**What is required**. Transcribe the whole listing exactly; the images stay out.

**Stored data**.
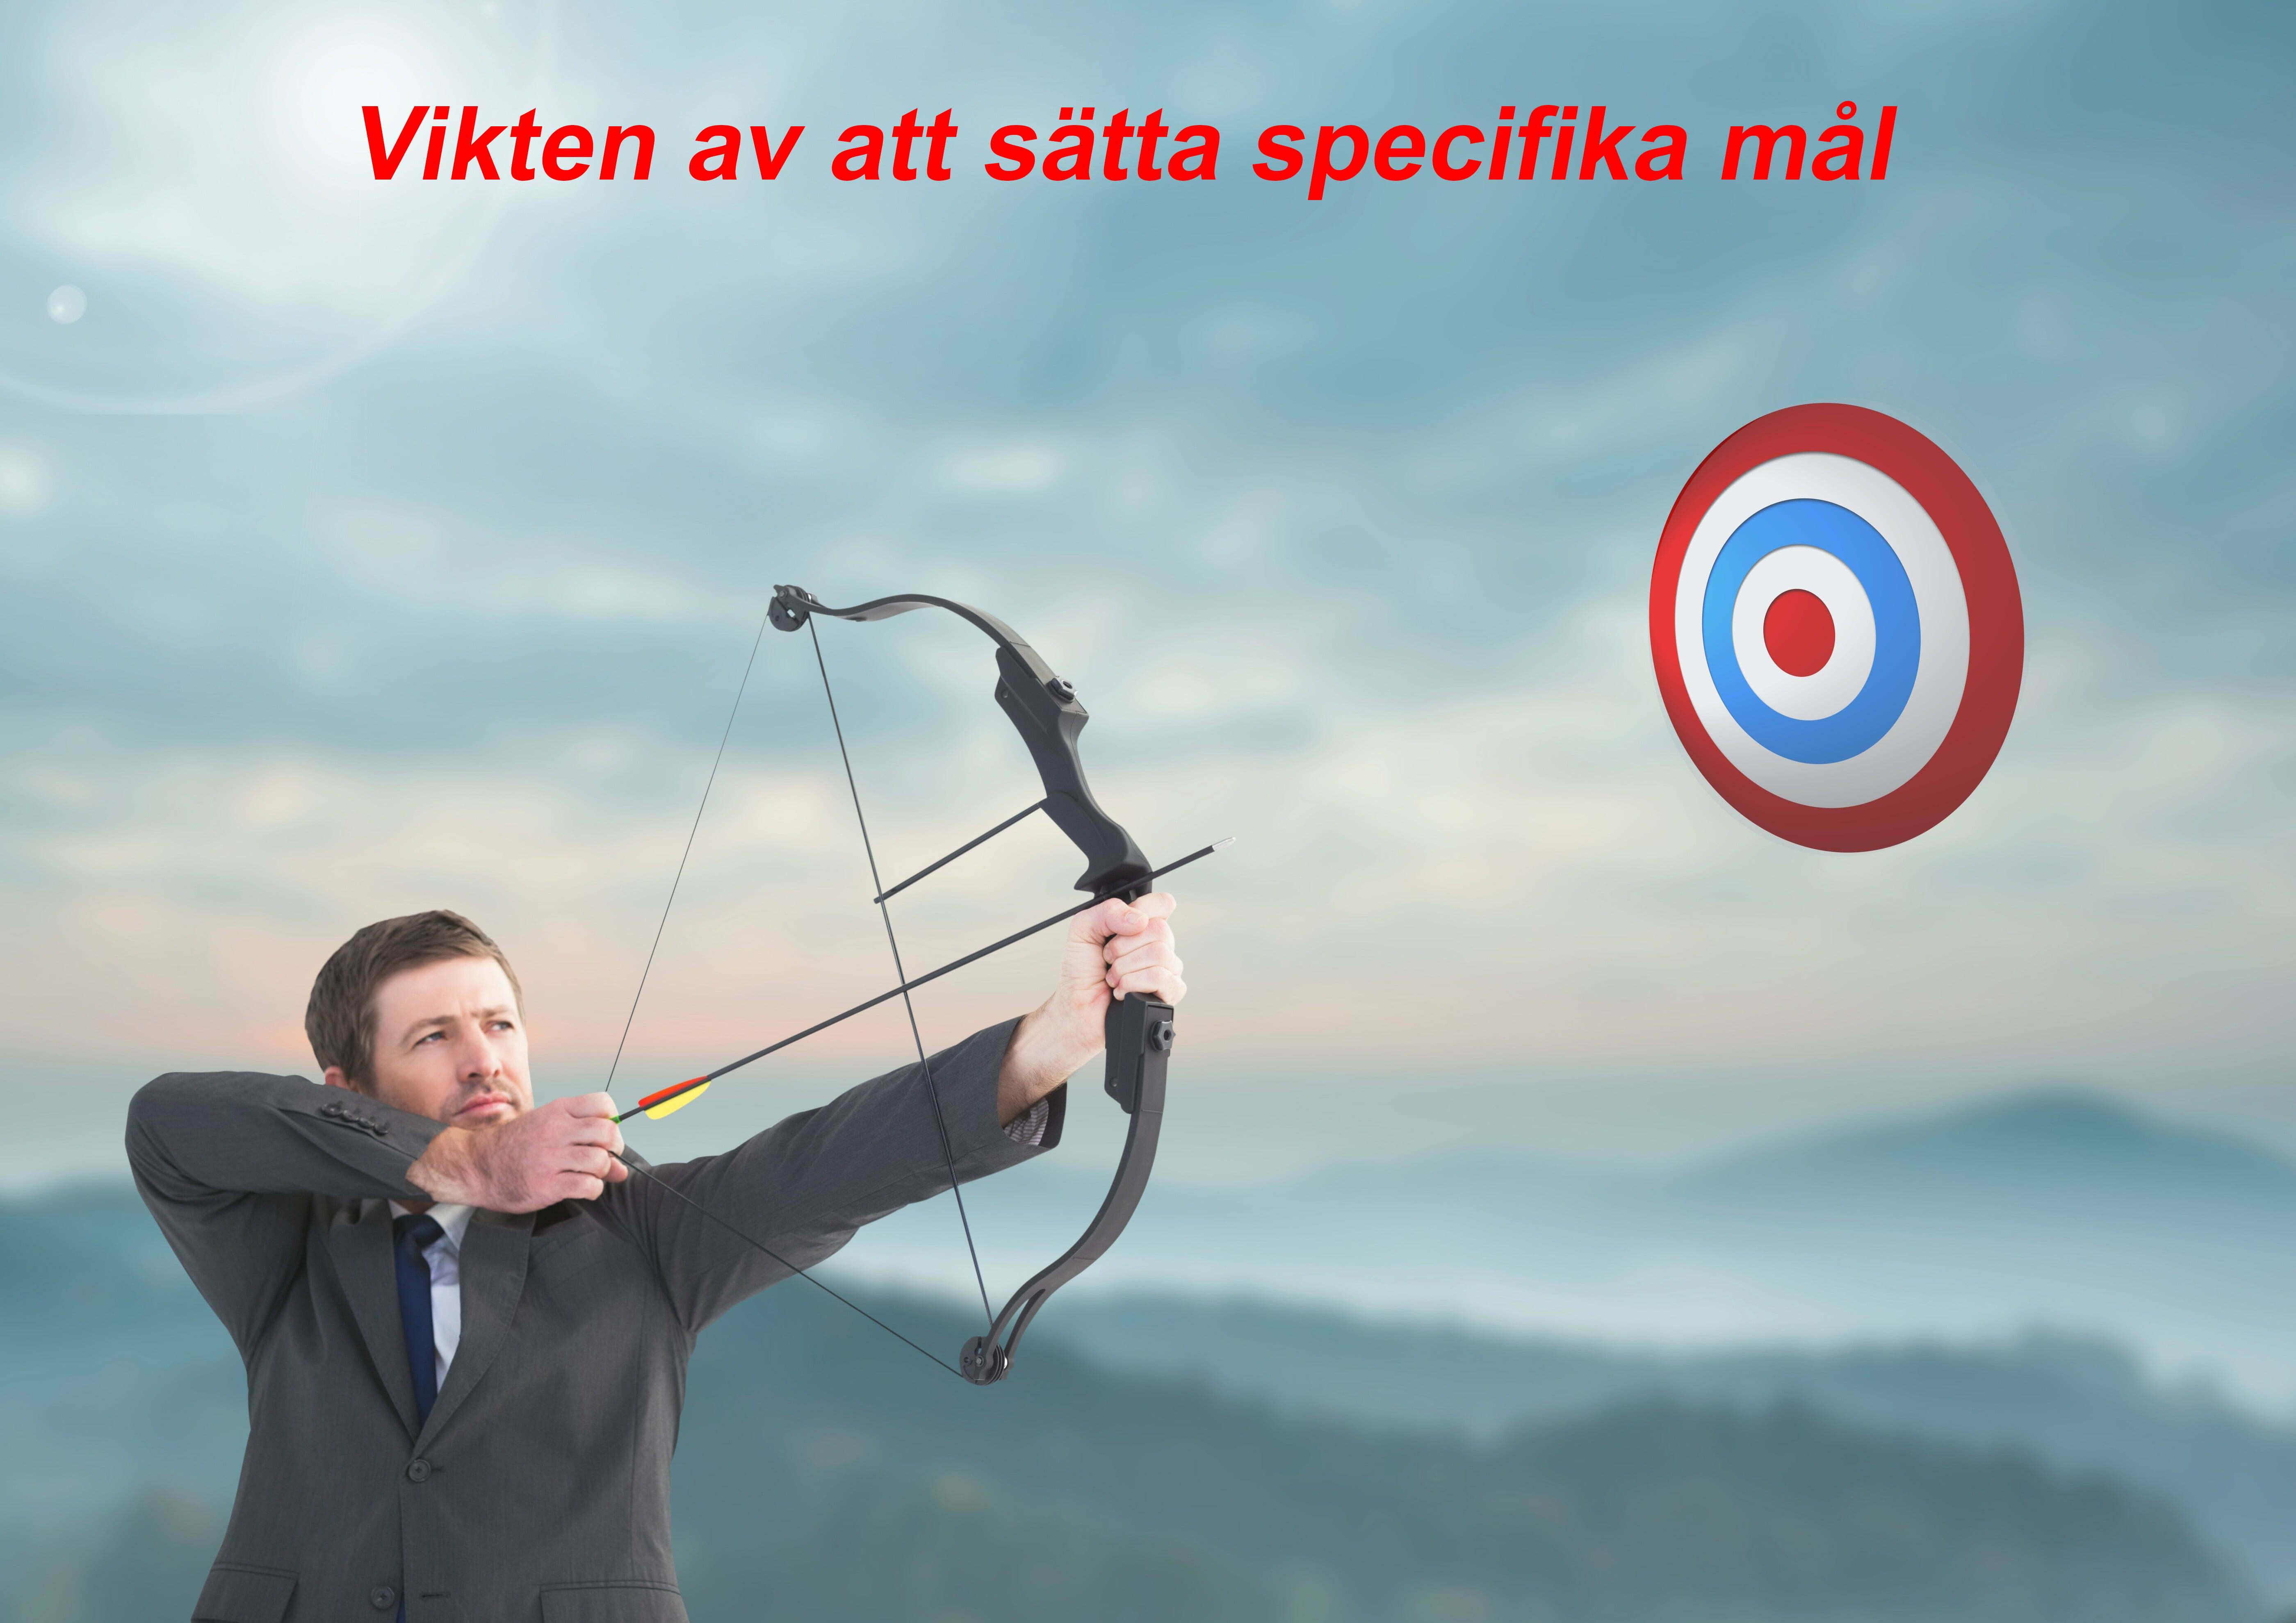 Specifika mål, Tomas Tobiasson, Angamato Ekonomikonsult.
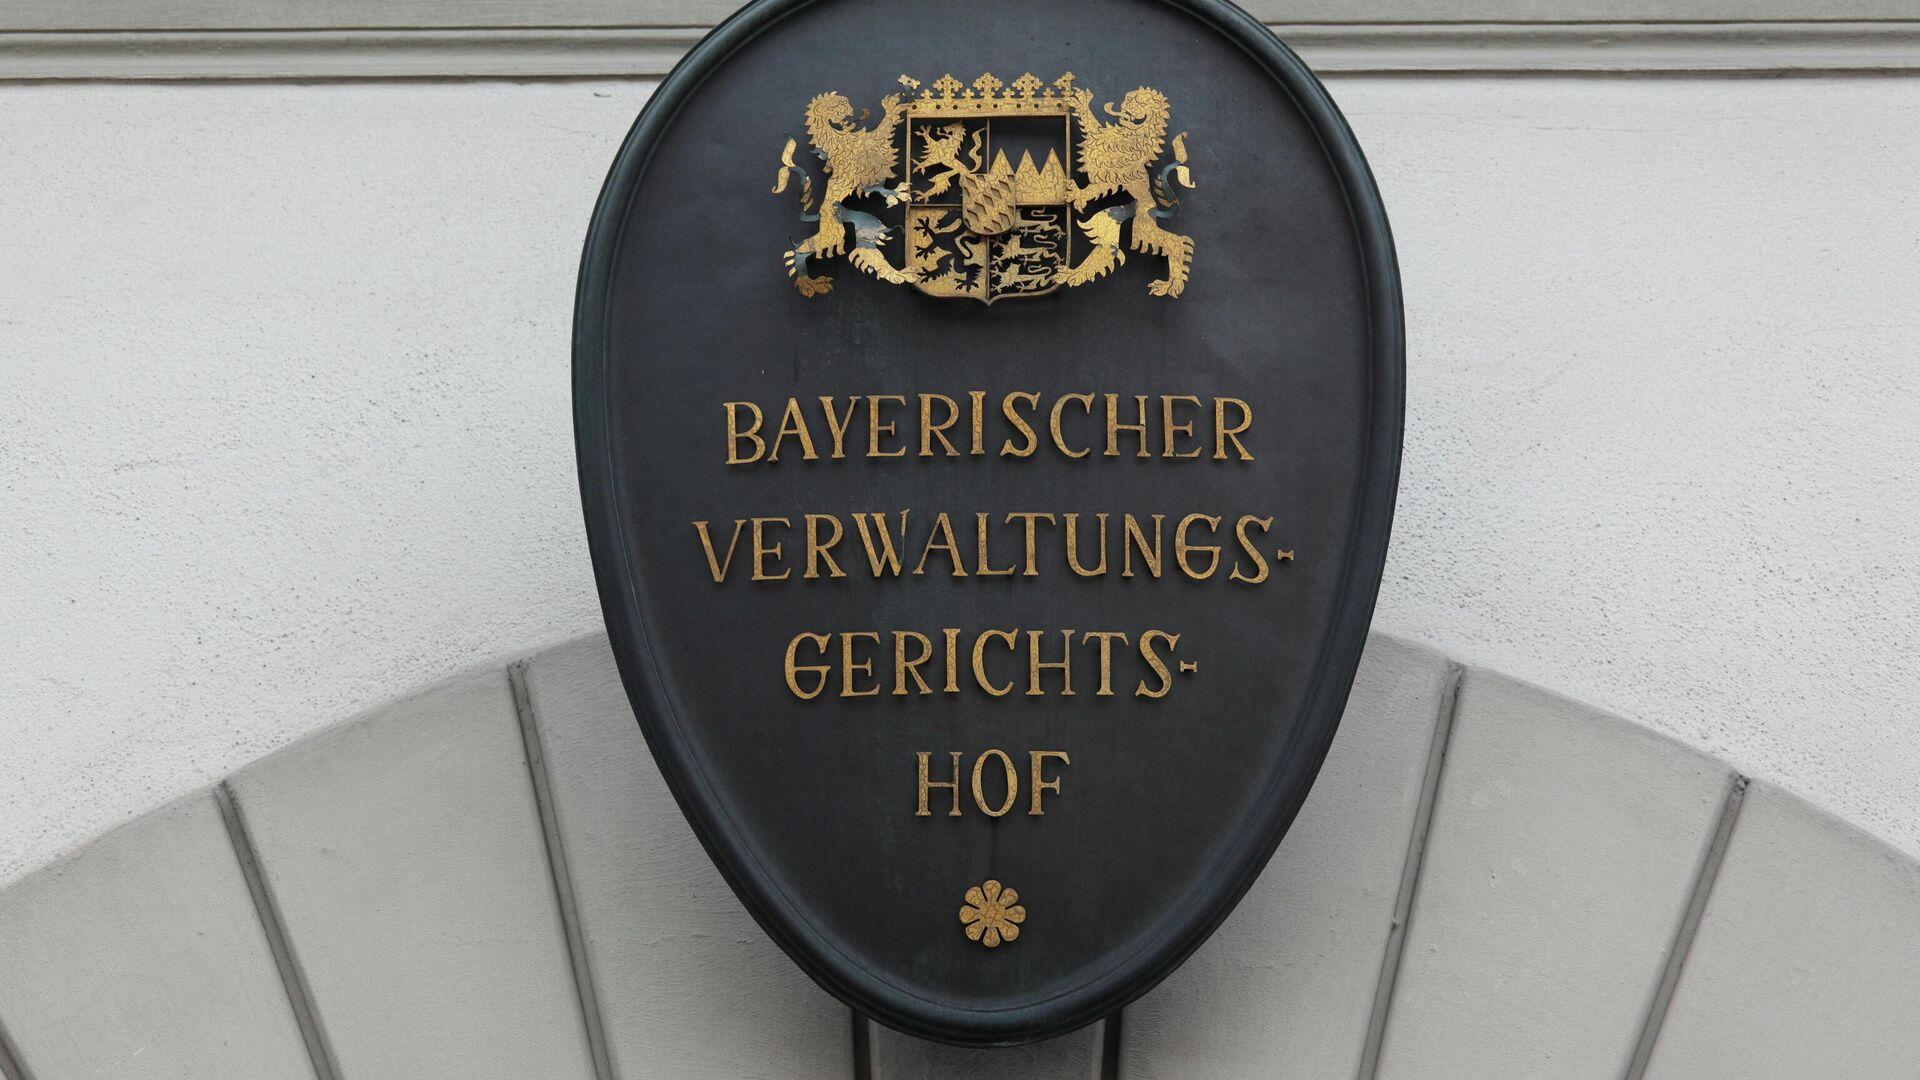 Wappen am Eingang des Bayerischen Verwaltungsgerichtshofes in München - SNA, 1920, 07.10.2021
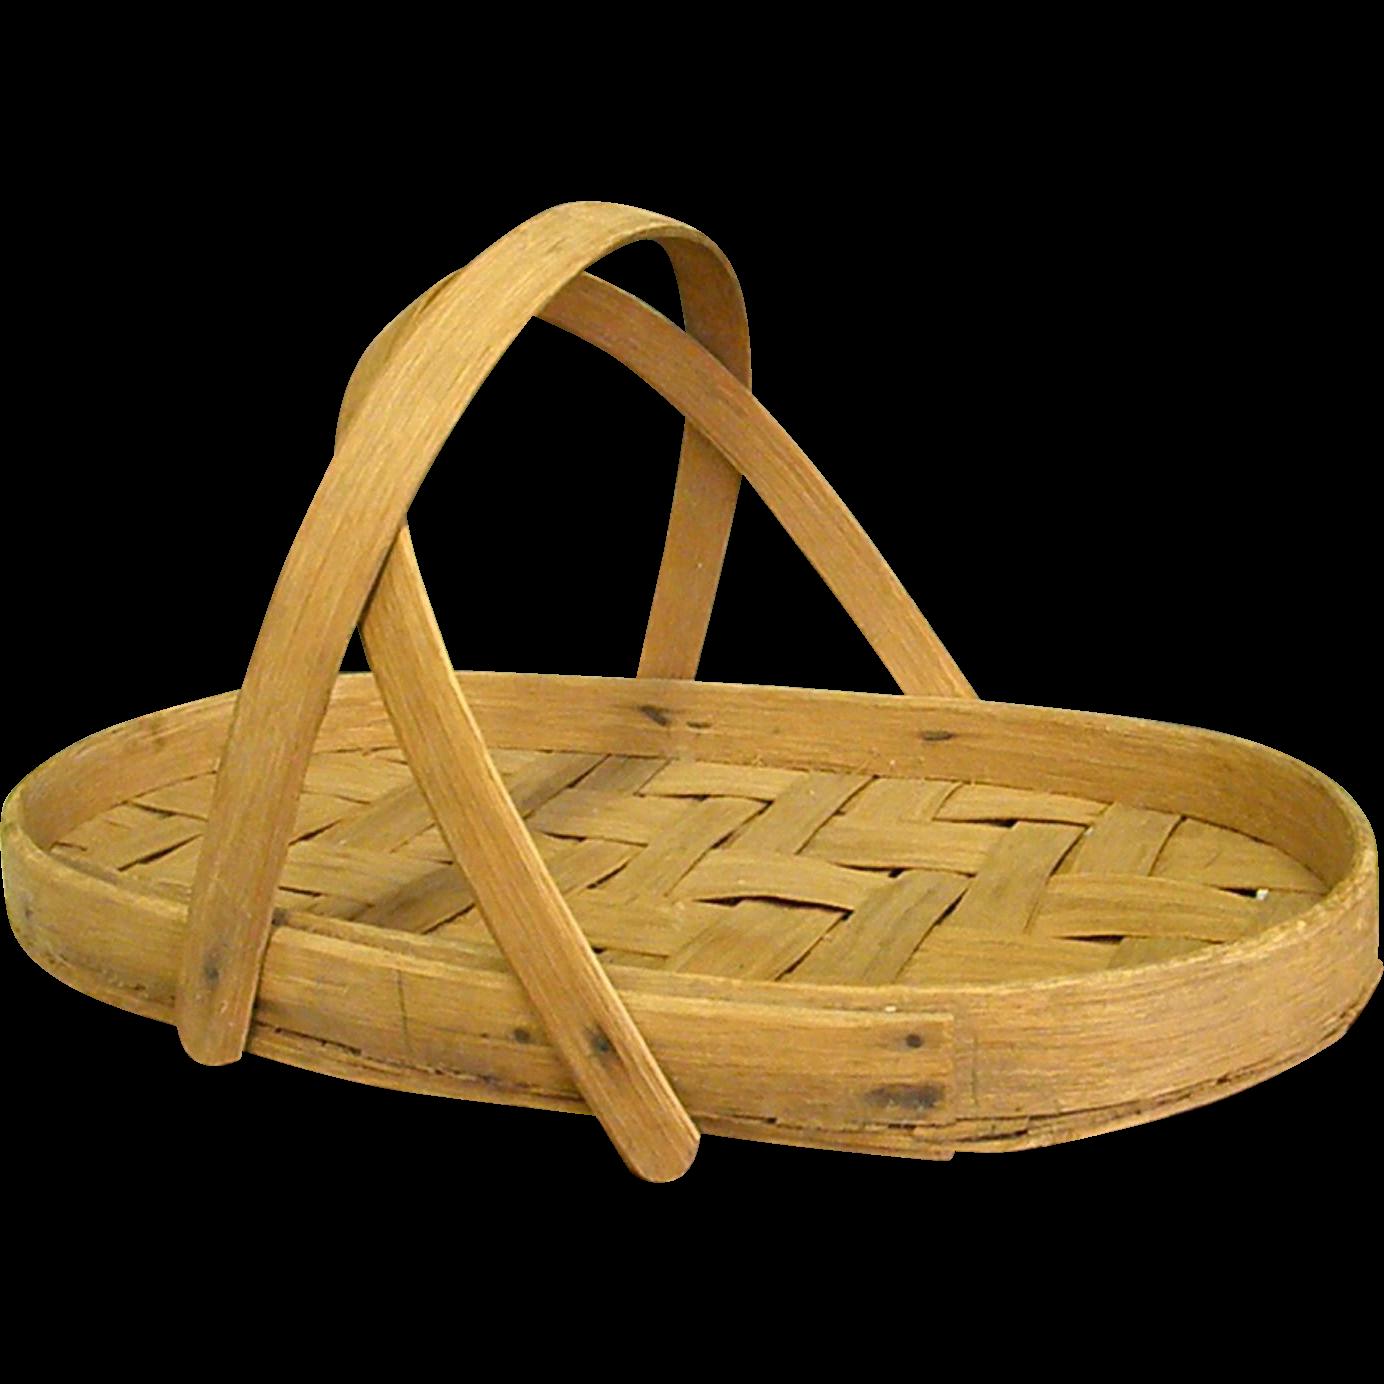 Woven Gathering Basket : Wonderful splint woven gathering basket from

**Written response**.
 Specifika mål, Tomas Tobiasson, Angamato Ekonomikonsult.
 Wappen am Eingang des Bayerischen Verwaltungsgerichtshofes in München - SNA, 1920, 07.10.2021
 Woven Gathering Basket : Wonderful splint woven gathering basket from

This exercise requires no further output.